The automation provided by qFit augments existing strategies for discovering and modeling alternative conformations. For example, electron density sampling as implemented in Ringer [5], reveals that many alternative conformations exist at electron density levels that have been traditionally considered noise by human model builders. Ringer samples electron density in dihedral space and discovers peaks indicative of unmodeled alternative conformations. These alternative conformations can be built after manual inspection of the electron density map and further refined for occupancy by phenix.refine [94]. As seen in PTE and CypA, alternative conformations, revealed at low levels of electron density (generally 0.3–1σ), can be critical for enzyme function.

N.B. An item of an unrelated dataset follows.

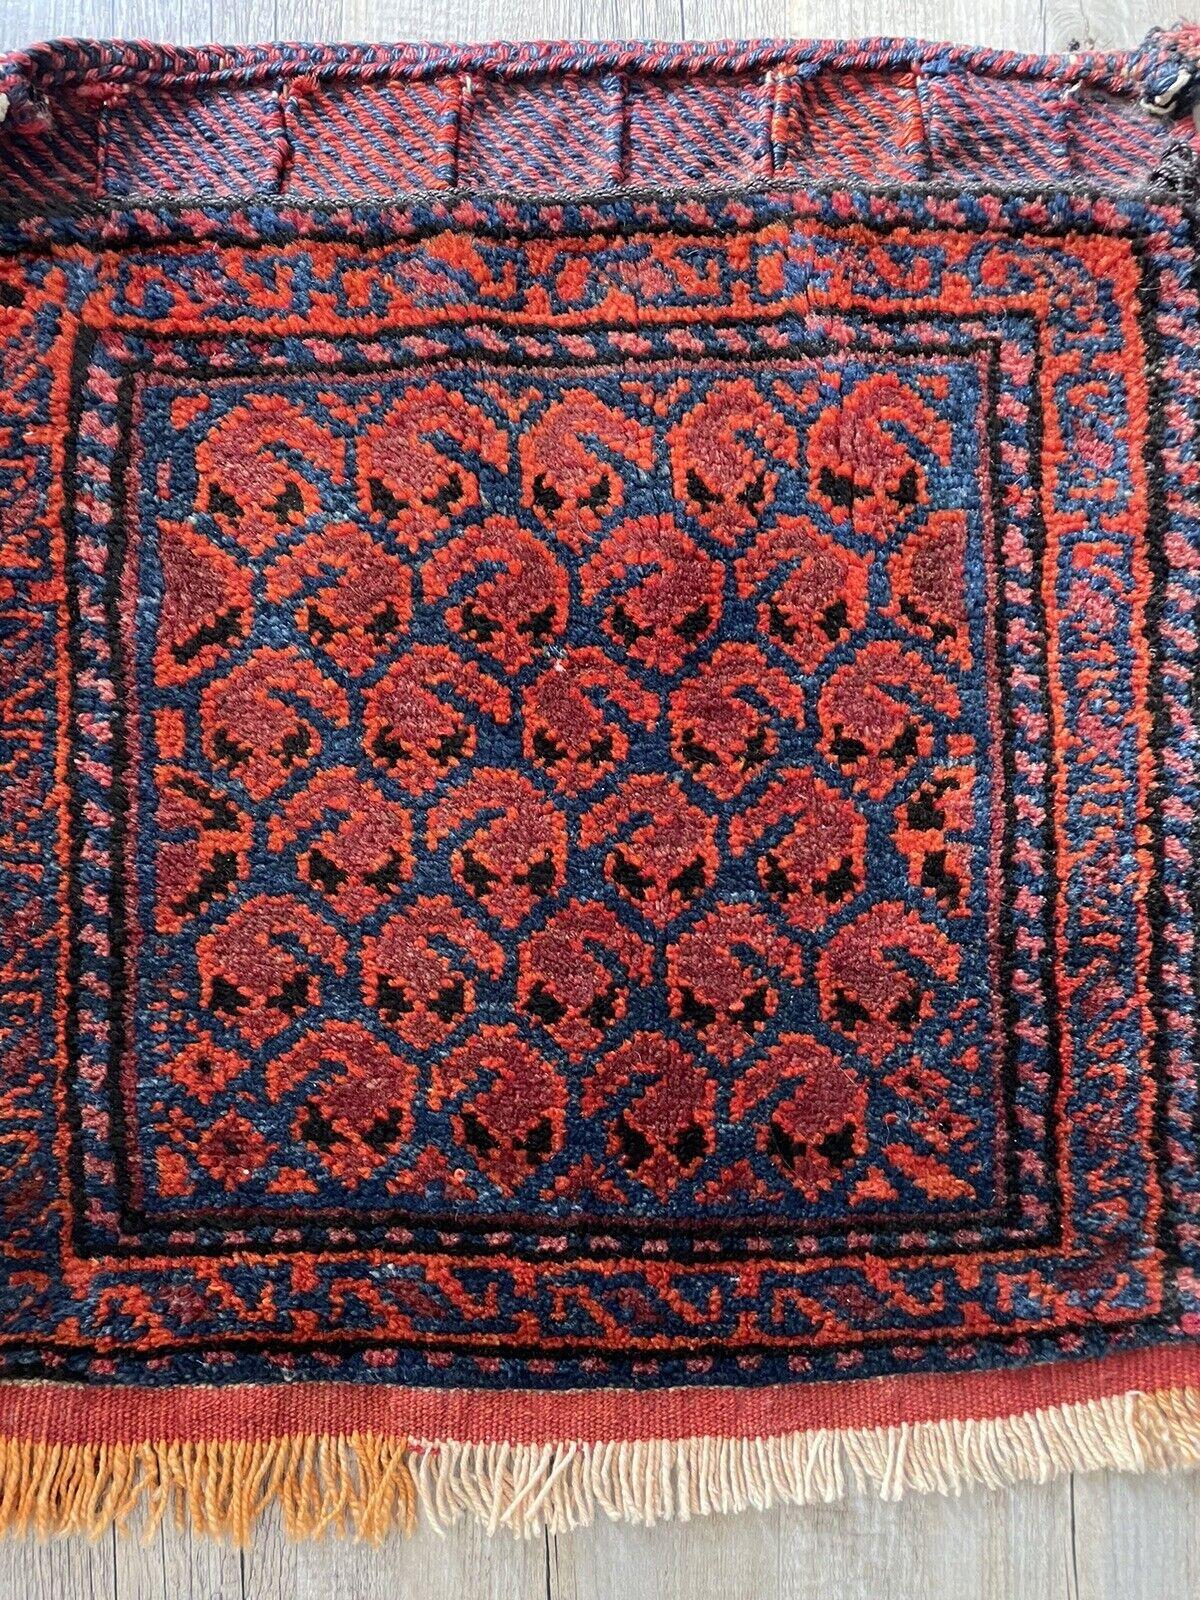 Ajoutez une touche d'élégance persane à votre collection avec cette face de sac Shiraz ancienne, fabriquée à la main et à collectionner. Fabriquée dans les années 1900, cette pièce exquise mesure 42 cm x 46 cm (1,3' x 1,5') et est en bon état. Elle

Another means by which crystallography can access protein polysterism is the analysis of thermal diffuse scattering [95, 96]. Diffuse scattering is the remaining X-ray intensity that is recorded in diffraction images once the Bragg reflections are subtracted. While analysis of the Bragg reflections can give accurate estimates of the individual atomic mean squared displacements and alternate conformations, the diffuse scattering can provide valuable insight into isotropic liquid like displacements [97] and strongly correlated rigid body movements of groups of atoms [98]. This can reveal how particular groups of atoms are displaced together as rigid bodies. Techniques that predict low frequency correlated rigid body movements, such as principal component analysis of molecular dynamics simulations or normal mode analysis of elastic network models, can be validated by analysis of diffuse scatter [99, 100]. This theoretical–experimental cross validation approach can also serve to support or exclude other models of correlated motion used in refinement, such as translation-libation-screw (TLS) refinement [101, 102]. Whether analyzing diffuse or Bragg scatter, access to primary image data would greatly increase the ability to re-examine biological conclusions. Although deposition of scaled reflection data, which permits re-calculation of electron density maps for analysis by Ringer and other software, is now standard for almost all journals, image data are rarely deposited [103]. A major limitation to deposition of image data is storage space, but several institutions, structural genomics consortia, and synchrotrons have started voluntary image deposition. As interpretation of atomic displacements becomes more important to our understanding of protein function, our reliance on the re-analysis of primary data is likely to increase in coming years.

Conclusions

Polysterism has contributed to our understanding of how new functions evolve from existing functions. Many studies have now demonstrated that an ensemble of interconverting structures, rather than a single structure, exerts the function of the protein. Thus, evolutionary selection does not optimize only an active site or the stability of a single structure. Rather, it shapes an entire conformational landscape comprising many sub-structures, their relative populations, and their rates of interconversion. Because mutations may affect the dominant structure modeled in a typical crystal structure or “hidden” minor conformations, polysterism must be carefully considered when considering the role of remote mutations on both catalysis and allostery [104]. If we can accurately describe the conformational landscape of proteins, we might be able to better predict the nature and conformations of transitions between the dominant structures as a protein is perturbed. Realizing this dream has implications for understanding protein evolution and designing better enzymes and inhibitors [105].